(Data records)

=== Section Start ===

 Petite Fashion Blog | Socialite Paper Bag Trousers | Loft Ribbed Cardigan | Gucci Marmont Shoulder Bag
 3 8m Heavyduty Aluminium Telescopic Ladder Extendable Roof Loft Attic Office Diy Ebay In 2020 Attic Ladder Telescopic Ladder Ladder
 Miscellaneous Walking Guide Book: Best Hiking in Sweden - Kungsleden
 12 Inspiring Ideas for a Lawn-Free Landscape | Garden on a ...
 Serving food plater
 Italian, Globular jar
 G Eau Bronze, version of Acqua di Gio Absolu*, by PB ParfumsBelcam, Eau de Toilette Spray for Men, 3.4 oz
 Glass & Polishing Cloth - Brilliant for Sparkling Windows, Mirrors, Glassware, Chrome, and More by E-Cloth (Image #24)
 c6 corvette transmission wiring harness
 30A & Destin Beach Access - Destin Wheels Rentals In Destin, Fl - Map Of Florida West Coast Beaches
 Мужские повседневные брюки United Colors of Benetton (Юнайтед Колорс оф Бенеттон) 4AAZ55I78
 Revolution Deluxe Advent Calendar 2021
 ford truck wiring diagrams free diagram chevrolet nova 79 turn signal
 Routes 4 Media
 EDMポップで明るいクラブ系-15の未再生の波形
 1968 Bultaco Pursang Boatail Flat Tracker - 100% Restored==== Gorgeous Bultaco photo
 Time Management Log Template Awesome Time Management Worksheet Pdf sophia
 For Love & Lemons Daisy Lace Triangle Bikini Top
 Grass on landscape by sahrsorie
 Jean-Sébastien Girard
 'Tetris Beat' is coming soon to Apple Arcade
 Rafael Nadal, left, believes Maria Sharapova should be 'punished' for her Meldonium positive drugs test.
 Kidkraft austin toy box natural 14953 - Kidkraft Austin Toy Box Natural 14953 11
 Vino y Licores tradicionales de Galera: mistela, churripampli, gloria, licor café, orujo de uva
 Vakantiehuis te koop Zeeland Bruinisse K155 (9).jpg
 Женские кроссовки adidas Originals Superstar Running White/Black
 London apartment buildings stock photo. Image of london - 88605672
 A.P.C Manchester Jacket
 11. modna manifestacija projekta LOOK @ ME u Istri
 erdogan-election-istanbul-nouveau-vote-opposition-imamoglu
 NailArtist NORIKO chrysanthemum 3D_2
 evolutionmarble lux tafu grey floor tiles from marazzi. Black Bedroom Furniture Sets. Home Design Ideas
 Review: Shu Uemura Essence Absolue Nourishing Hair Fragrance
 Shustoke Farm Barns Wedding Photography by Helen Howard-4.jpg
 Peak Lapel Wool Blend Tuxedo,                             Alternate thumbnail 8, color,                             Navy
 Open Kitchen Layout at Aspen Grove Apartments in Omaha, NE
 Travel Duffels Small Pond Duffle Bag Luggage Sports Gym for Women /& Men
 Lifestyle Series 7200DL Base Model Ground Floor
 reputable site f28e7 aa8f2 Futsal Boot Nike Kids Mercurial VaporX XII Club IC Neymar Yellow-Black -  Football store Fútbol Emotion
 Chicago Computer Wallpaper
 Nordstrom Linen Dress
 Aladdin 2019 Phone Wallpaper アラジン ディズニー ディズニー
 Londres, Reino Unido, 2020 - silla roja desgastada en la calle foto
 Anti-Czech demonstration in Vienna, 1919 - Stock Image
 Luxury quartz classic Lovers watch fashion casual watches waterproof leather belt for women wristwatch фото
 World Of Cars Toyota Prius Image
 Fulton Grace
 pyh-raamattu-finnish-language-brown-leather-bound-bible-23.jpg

=== Section End ===

Task description:
Whenever a line above contains "Ideas", copy that line.

Result of this exercise:
 12 Inspiring Ideas for a Lawn-Free Landscape | Garden on a ...
 evolutionmarble lux tafu grey floor tiles from marazzi. Black Bedroom Furniture Sets. Home Design Ideas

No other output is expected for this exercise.